But had I surmised he had been the Son of the Man he was, or any other Person of Credits Son, I would not for any Consideration have perform’d the Ceremoney, [sic] Nay, I would have sent to the Parents or next Relation and detected him, and at the same time given up the Woman, to the just resentment of the injur’d Parents.

‘Tis true I was degraded and by that Means render’d incapable of supporting an helpless Family; nor was it in my Power to get a Livelihood by Teaching School, for any attempts I made that way which prov’d Abortive, Work either Mechanical or otherwise I was ignorant of; and by my infirmities render’d if capable not to follow it, to beg publickly I was a shame’d, and very well knew the Amount of Charities to Street Beggars, privately I did beg by Petitions to many Persons whose Grants were small, and that but from a very few; and e’en those few wou’d not a second time assist the Wretched, this was my Case; what I then follow’d to support my Family was the Trade as its so call’d of Marrying; but always took care to examine strictly their Religion, Birth, and parentage, avoiding as much as possible to keep out of Disesteen of Families of Credit, so that it might not lie in their Powers to punish me, or to be griev’d at the undoing of their Children.

Yet all this Precaution has not hinder’d my unhappy Exit, which I hope this Calamity of mine, may be a perpetual Bar to others who are after me, who may be drove to the pressing Wants which I have often struggled with, but may God Support them.

O Lord Strengthen me to bear my Misfortunes, bless my Children and be to them a Father, and give them thy Grace, Comfort my Wife, and be to her a Husband, protect my Friends, and forgive my Enemies, and receive me into thy glorious Abode, and that I may this ‘Day sing Praises and Thanksgiving unto thy holy Name, ad infinitum, Amen.

Edward Shuel.

Note. The above was deliv’d to the Printer hereof, in the Presence of Mr. Nelson and several others, in his own Hand Writing, and Word of Mouth.

Dublin: Printed in Montrath-Street, by Chr. Goulding Book-Seller.
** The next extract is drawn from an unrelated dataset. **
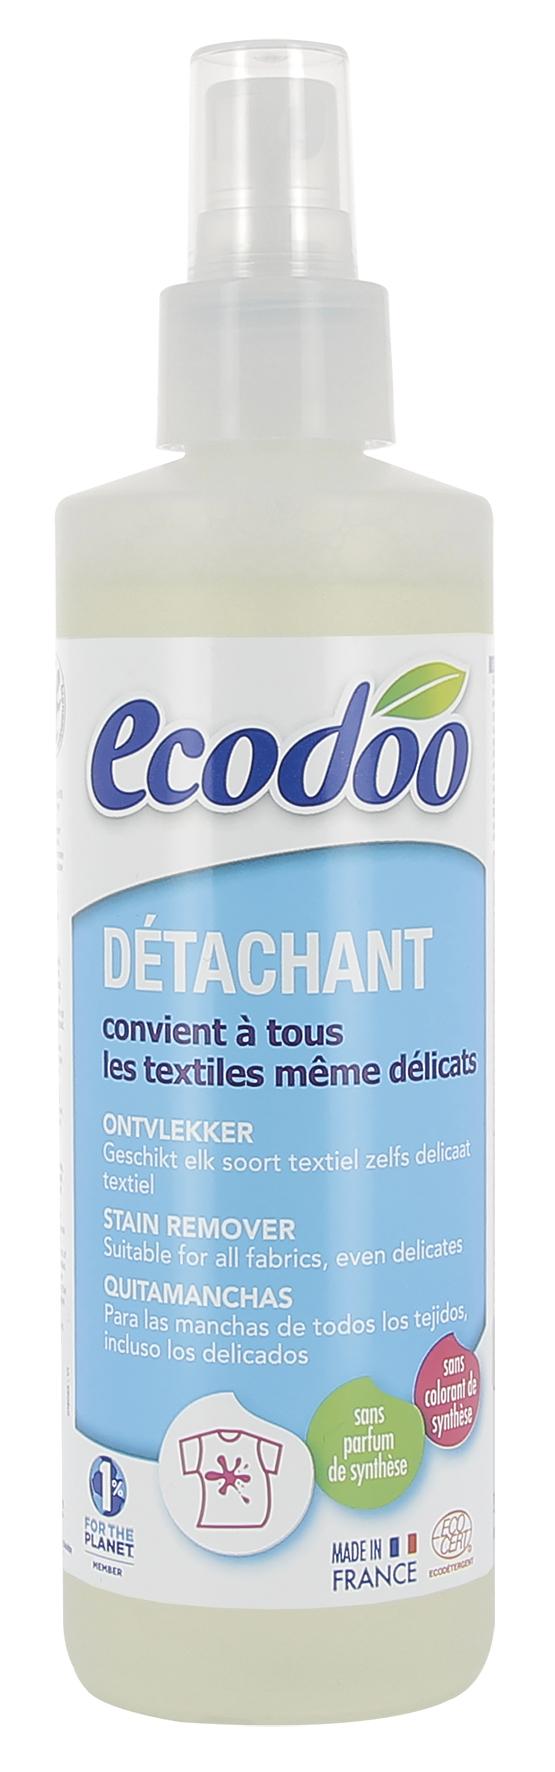 Détachant, Ecodoo (250 ml)

The Last and True Speech of Mr. Sewell

a degraded Clergyman, who was executed last Saturday the 29th of November 1740, at St. Stephen’s-Green, for a clandestine Marriage
delivered by him at the Place of Execution

Countrymen and Christians,

It may be thought, perhaps, that the Length of Time given me by the Clemency of the Lords Justice might turn my Thoughts to poor Transitory, Worldly Affairs, I hope thro’ the Merits of Christ I have not been affected so foolishly, for I will not boast, but will humbly hope, I have so numbered my Days as to apply my Heart unto Wisdom, for the Love of the Lord is the Beginning of it. I return to the Chief Governors of Ireland, the only Return I can make, my Thanks and Prayers for their Benignity in extending my shortning Length of Days to the present, in this World unhappy, but in the World, thro’ Christ, in the future, a Blessed Consummation. — Praise be to God on High Peace and Good Will amongst Men.

I am brought forth this Day, as a Precedent and Example to the Marriage Act, as a Sacrifice to its Rigor, the first, and I hope through the Almighty, the last of the kind that shall hereafter be read of in the Annals of the Holy Catholick and Reform’d Protestant Church; nor is it the smallest Pang that I feel in this solemn Anguish of my Spirit that my Memory shall reflect some Disgrace upon my Reverend, Learned and Pious surviving and future Brethern [sic] of the Ministry. Could Worldly Things now amuse or disturb my Mind, I might also be touch’d with a Sense of the Triumph, my unhappy Catastrophe, must give to the Enemies of the Establish’d Religion; but in this, as in all Things else in Heaven and Earth, the Will of the All Powerful and Eternal Father be done, yet let them consider that the Man, the poor weak Man transgress’d and not the Function; let them think that the Transgressor suffer’d, and with his Blood wash’d away Polution [sic] from the Sanctuary. The blessed Twelve should not be blamed for their fallen Member, nor should the Body of the Clergy be reproached for one wretched, sinful, misguided, but thro’ Grace repentant Brother.

Speeches and Declarations are a Custom I know observed by People in my wretched Circumstances; but this has no Influence on me, I only promulgate these few Lines to prevent many gross and ignorant Pieces of Print which may be ascribed to me, when I am past the Power of contradicting such Falshoods. [sic] I am, bless’d be my Saviour, in universal Charity with the World, and therefore neither Bitterness nor Untruth shall fall from me: I am convinced, as my Condition is particular and my self remarkable, the World will be desirous to know what I may say either in defence of myself, or Attenuation of the Crime for which I die; I will therefore briefly go thorough the Heads of my Accusation and Conviction.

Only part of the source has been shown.